A pelvic organ prolapse, (POP) occurs when a pelvic organ, such as your bladder, drops (“prolapses”) from its normal position and pushes against the walls of your vagina. This can happen if the muscles that hold your pelvic organs in place become weak or stretched from childbirth or surgery. More than one pelvic organ can drop at the same time. Organs that can be involved in a pelvic organ prolapse include the bladder, the uterus, the bowel and the rectum.
Pelvic organ prolapse can cause pain or problems with bowel and bladder functions or interfere with sexual activity.
Stress urinary incontinence (SUI) is a type of incontinence caused by leakage of urine during moments of physical stress.
Talking to your doctor
Before having an operation for POP or SUI, be sure to let your surgeon know if you’ve had a past reaction to mesh materials such as polypropylene.
Questions you should ask the surgeon before you agree to surgery in which mesh will be used:
- What are the pros and cons of using surgical mesh in my particular case? Can my repair be successfully performed without using mesh?
- If a mesh is to be used, what has been your experience with implanting this particular product? What experience have your other patients had with this product?
- What has been your experience in dealing with the complications that might occur?
- What can I expect to feel after surgery and for how long?
- Are there any specific side effects I should let you know about after the surgery?

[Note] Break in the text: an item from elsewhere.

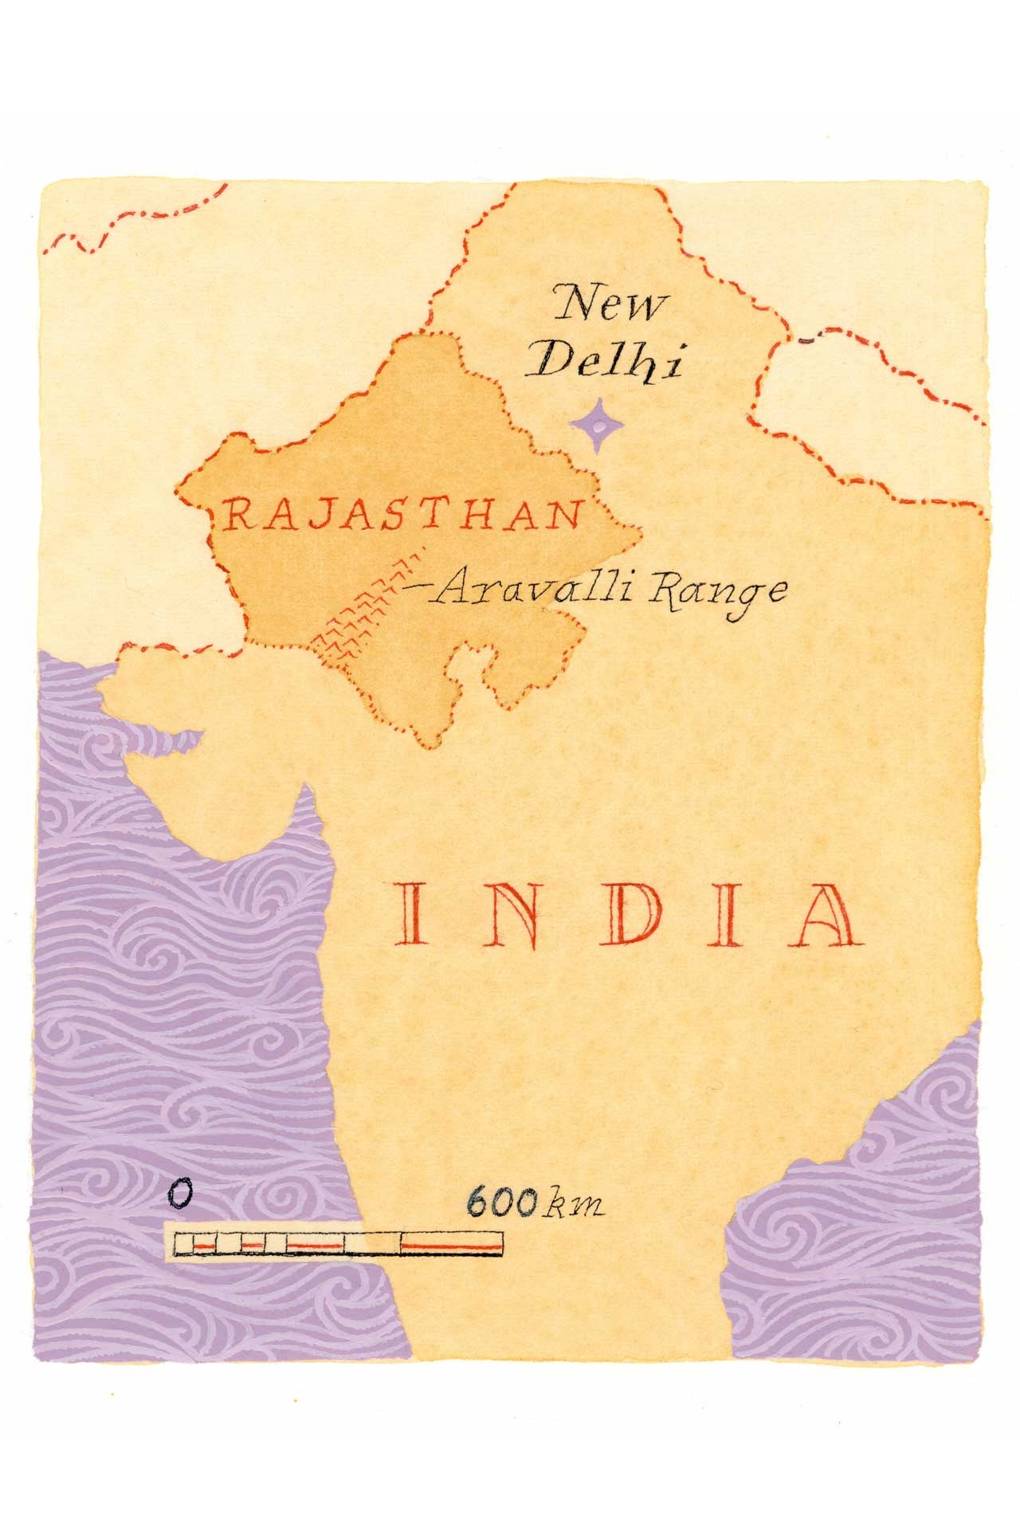 aravalli range in rajasthan map

- What if the mesh doesn’t correct my problem?
- If I have a complication related to the mesh, can the mesh be removed and what could the consequences be?
- If a mesh is to be used, is there patient information that comes with the product, and can I have a copy?
If you experience complications after you leave hospital, contact Dr Carey or the nursing staff on 1 West at the Epworth Freemasons Hospital for advice. In an emergency you may attend the Royal Women’s Hospital, Parkville or Epworth Hospital, Richmond emergency department or attend your closest hospital emergency department.